=== Begin Enclosure ===
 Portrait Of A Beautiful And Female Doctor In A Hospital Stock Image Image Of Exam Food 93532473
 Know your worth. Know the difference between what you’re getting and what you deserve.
=== End Enclosure ===
=== Begin Enclosure ===
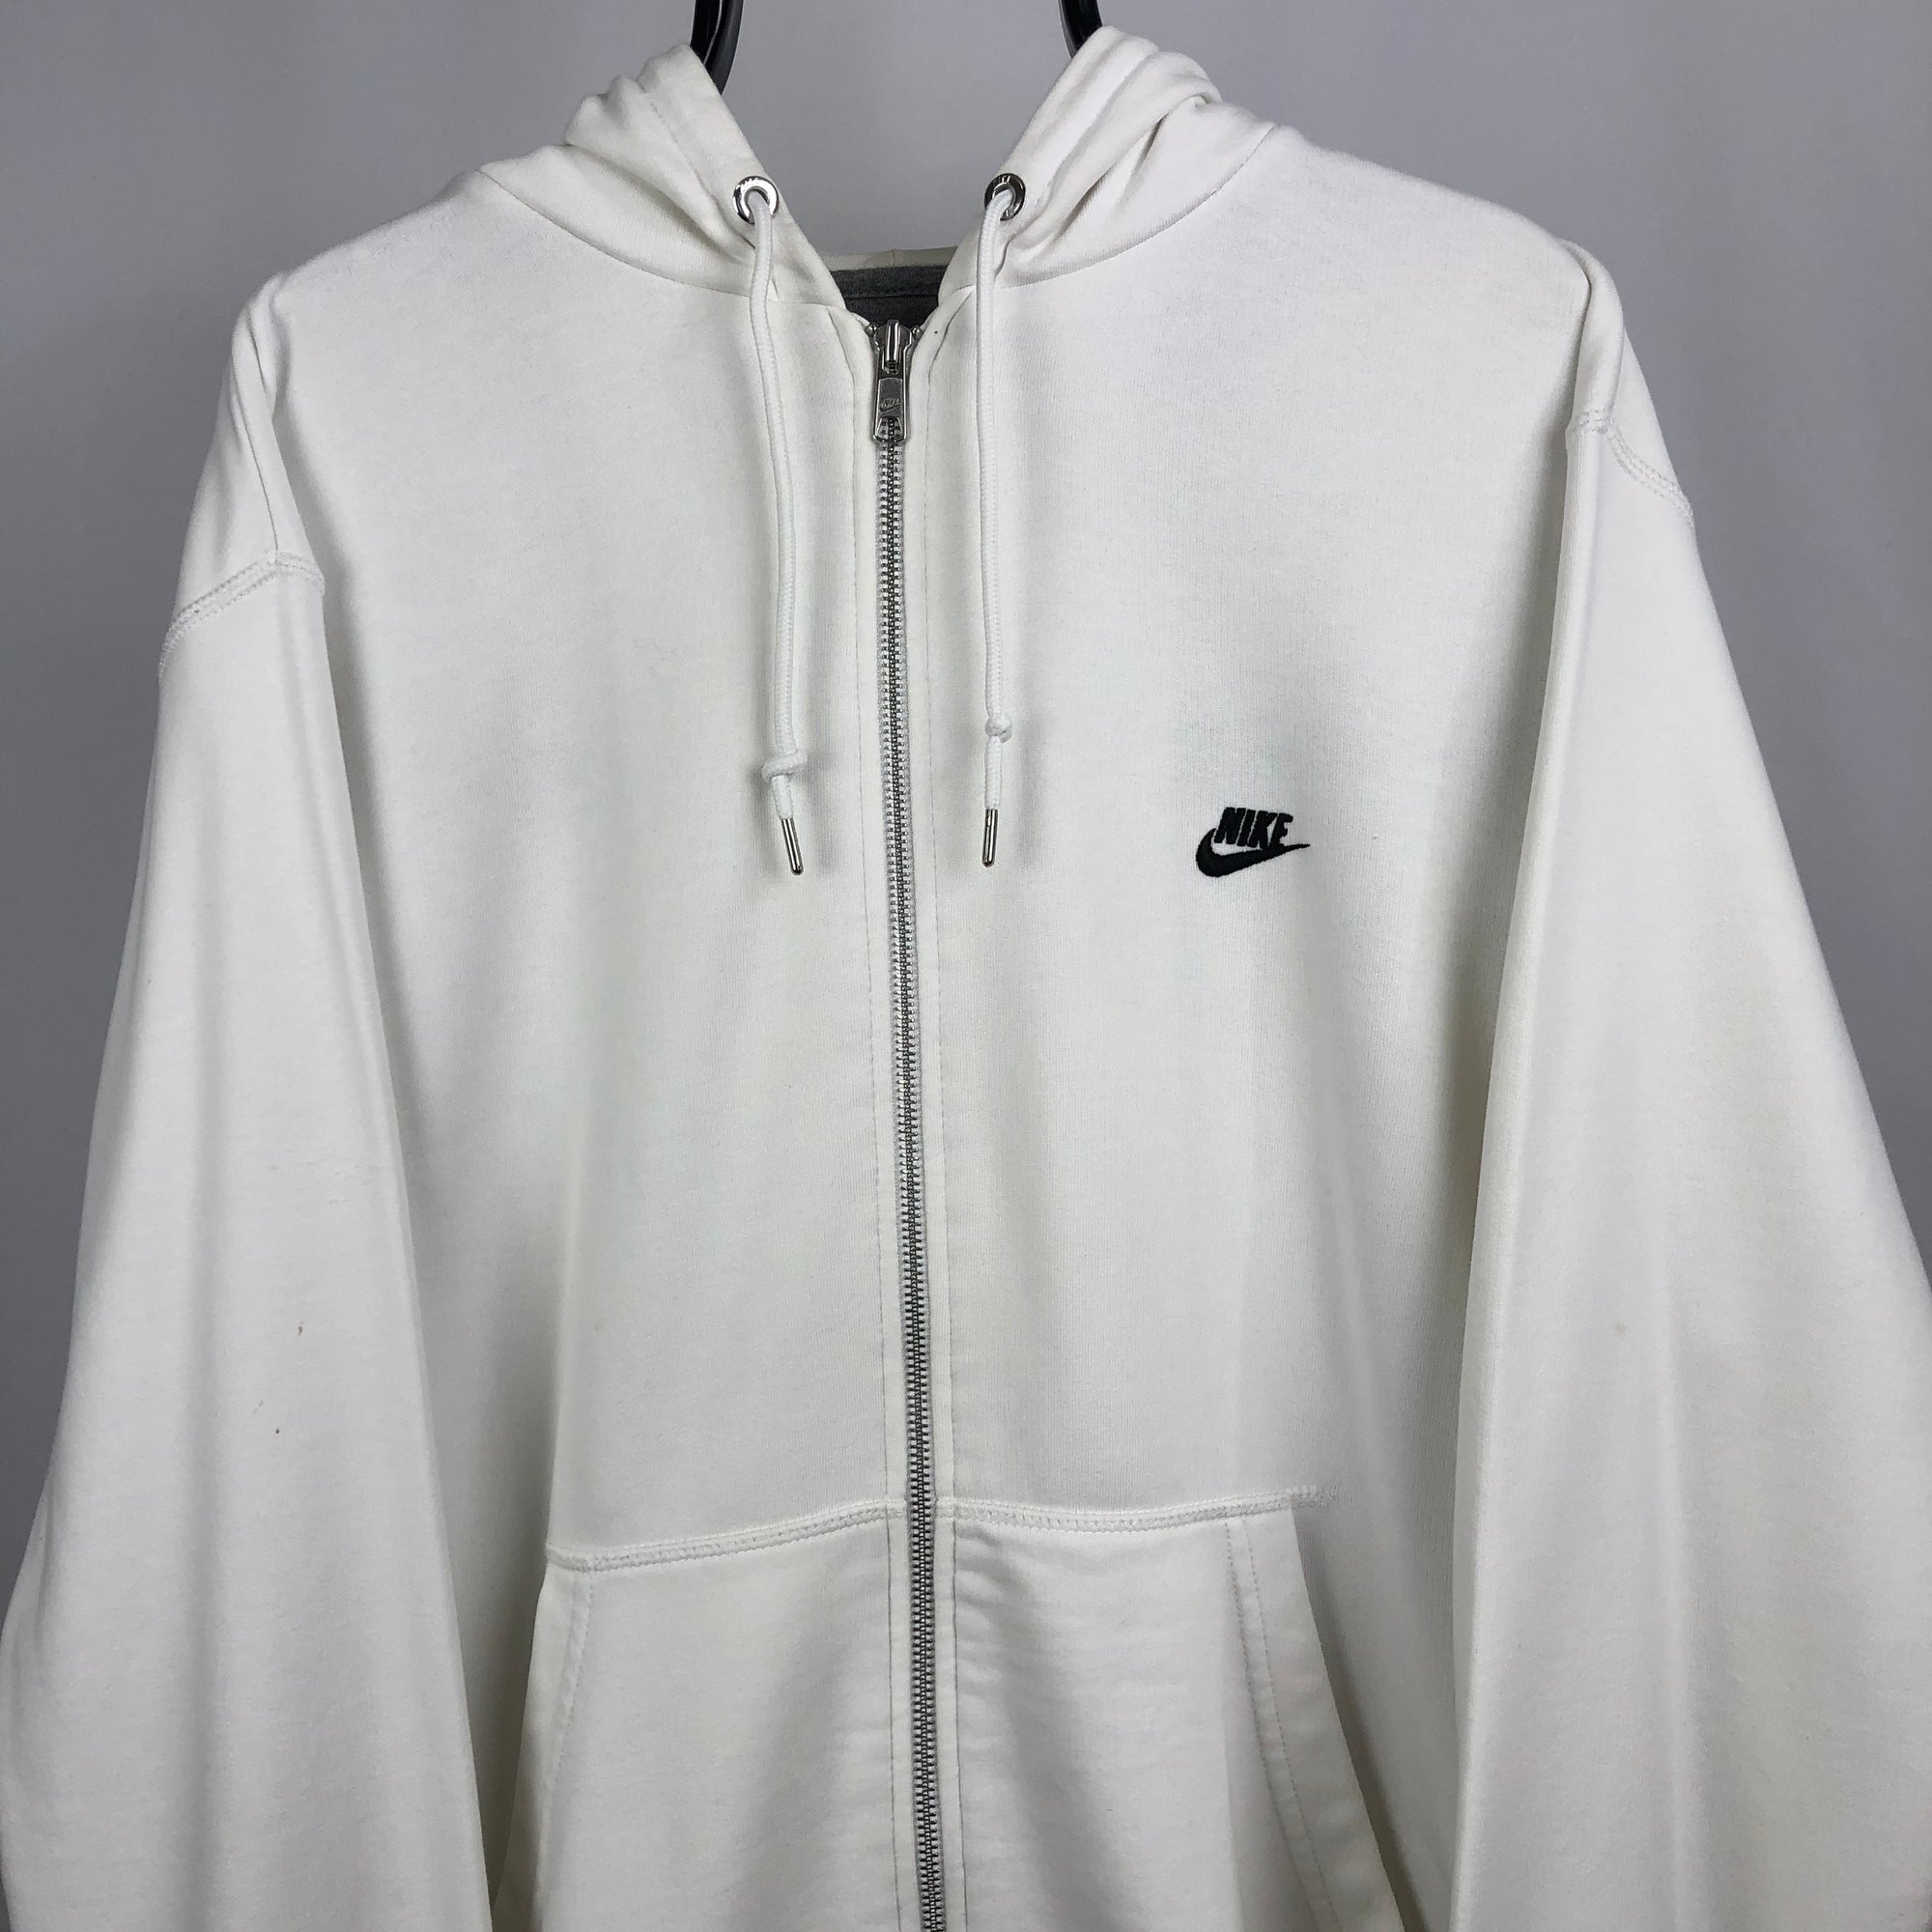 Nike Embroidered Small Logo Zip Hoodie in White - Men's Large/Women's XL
=== End Enclosure ===
WORK TASK
Within the data above, the span starting at the line containing "Portrait Of A" and ending at the line containing "Know your worth." is to be retyped exactly, with no other lines.

RESPONSE TO THE TASK
 Portrait Of A Beautiful And Female Doctor In A Hospital Stock Image Image Of Exam Food 93532473
 Know your worth. Know the difference between what you’re getting and what you deserve.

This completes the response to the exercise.